During the heat of battle, it’s sometimes difficult to defend against the other side’s negotiation tactics. Anticipating their strategies in advance can be useful. Hey, if it was good enough for Bill Walsh….
Here are four suggestions.
1. Be prepared. Do your homework about the other party and lawyer as well as historical settlement values for your type of case and venue. Think through the other side’s likely negotiation strategies. Be rigorous in your approach to mediation.
1(a). (A bonus suggestion.) Act prepared. All of us get busy. If you haven’t had
time to thoroughly prepare, at least act as if you are prepared. Malhotra and Bazerman suggest that not only will you gain respect, you will discourage the other side from lying out of fear of being found out.
2. Prepare to answer difficult questions. Take the other side’s view and figure out
what the most difficult questions would be for you to answer. Then work on reasonable responses. Why should preparing for negotiation be any different than preparing for oral argument?

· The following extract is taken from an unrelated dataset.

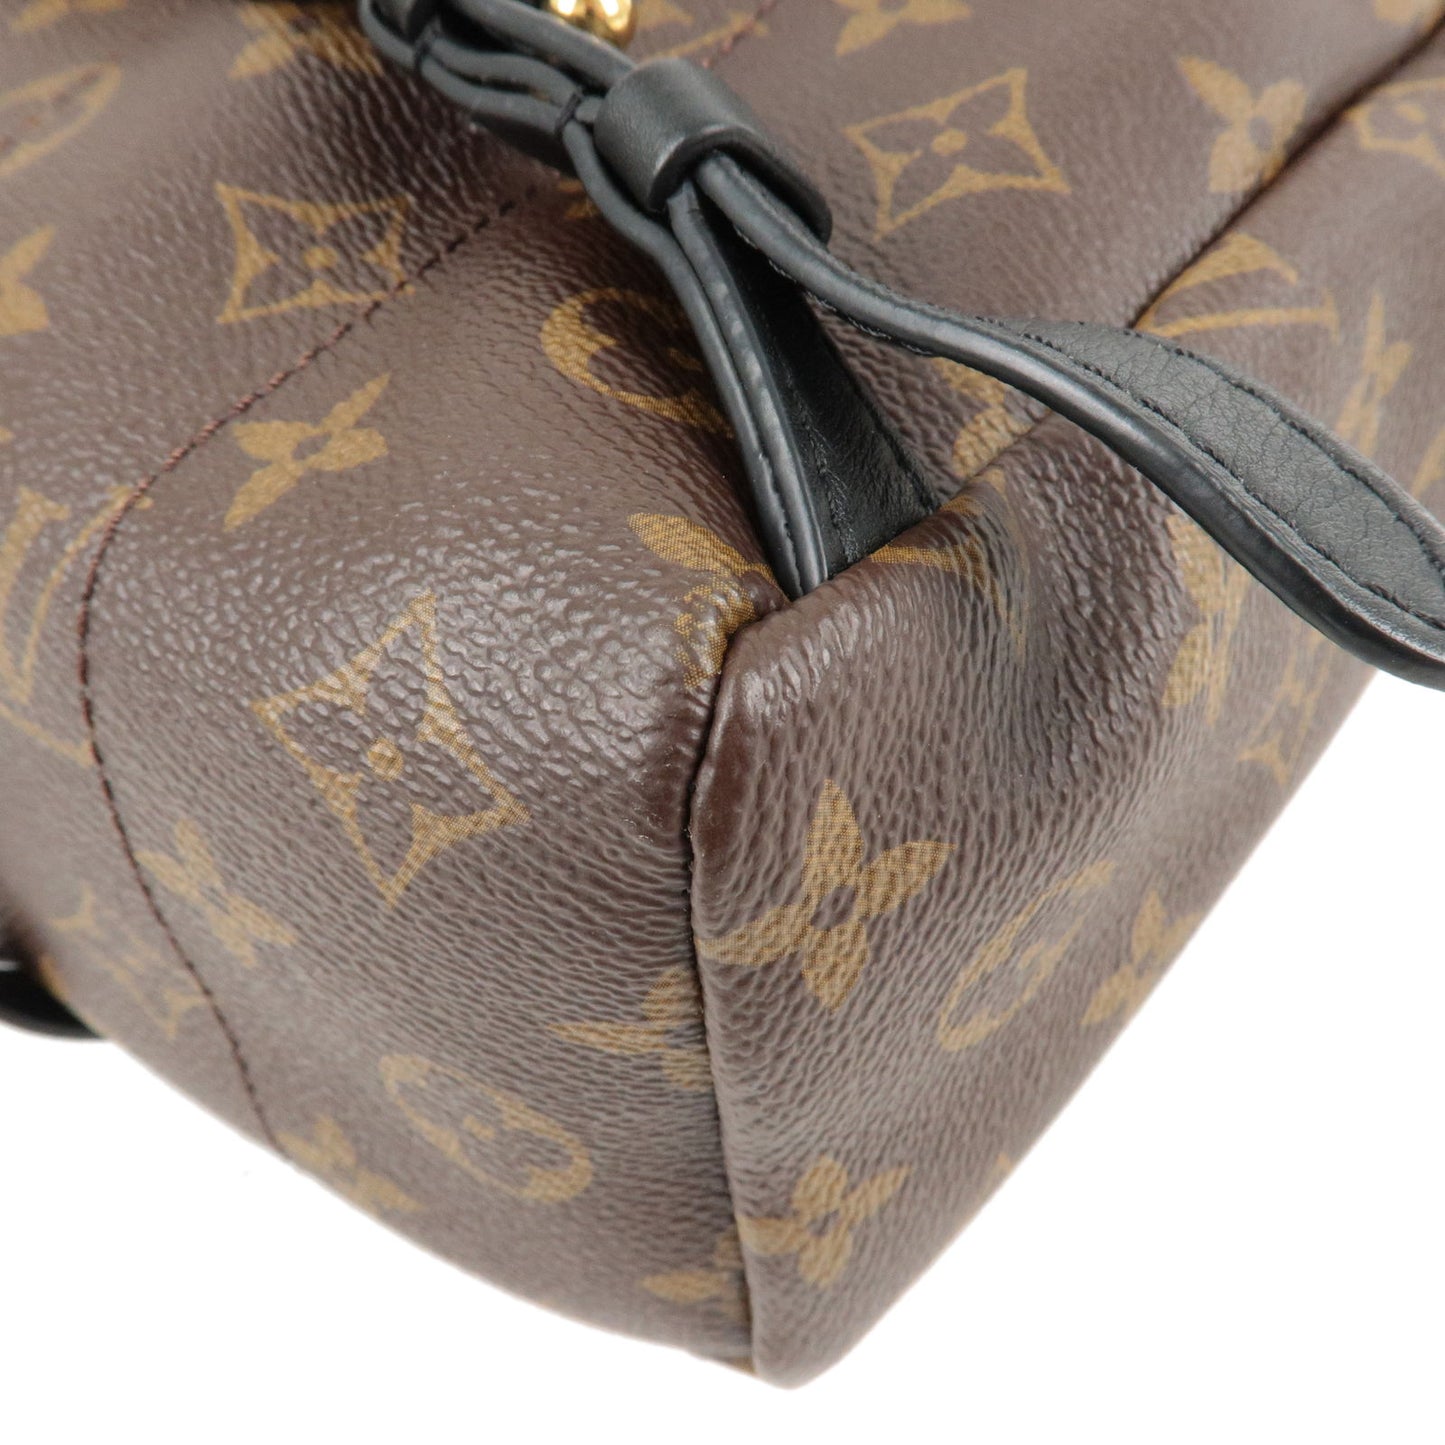 Louis Vuitton Palm Springs Backpack Size PM Noir M41560 Monogram

3. Prepare to re-frame. It’s an election year, and re-framing is big. It also works in
negotiation. If the other side is being positional, change the conversation from positions to problem solving. Engage the other side in thinking with you about creative ways to solve your joint problem (how to settle the case). Also consider the gain/loss reframe. We are more likely to make concessions when allocating gains than losses. Change the frame of loss into the frame of gain and the other side will be more willing to negotiate.

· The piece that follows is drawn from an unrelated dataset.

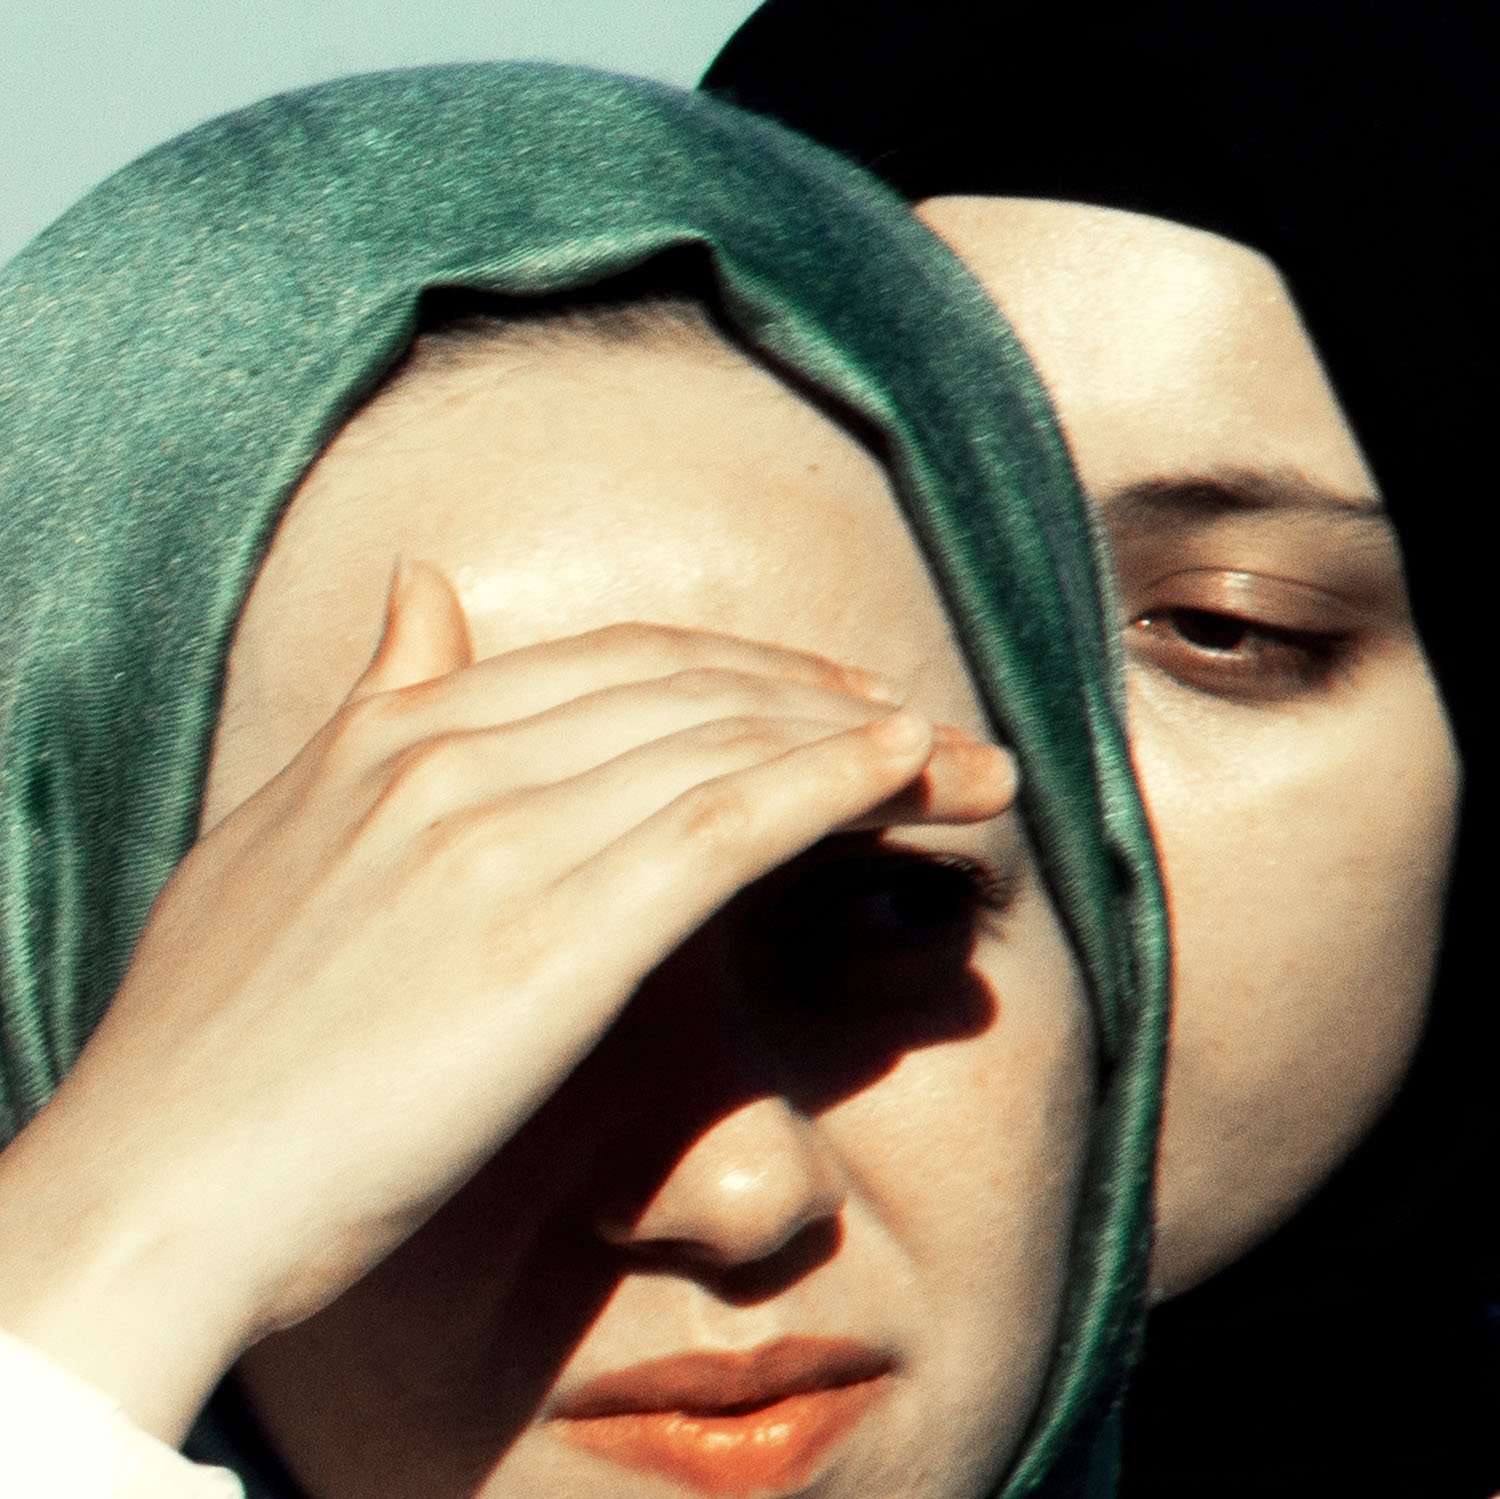 two-women-headscarves.jpg

4. Prepare for emotions. When strong negative emotions come up (and they will)
neutralize them by acknowledging them and using strategies to get your head clear. Perhaps you’re thinking I’m talking about your client, and I am. But I’m also talking about you. Looking back, it’s been rare that as an advocate, I have been cool, unruffled and rational throughout every negotiation. Tell yourself ahead of time that you are not going to react in anger. Give yourself permission to take a break or walk around the block.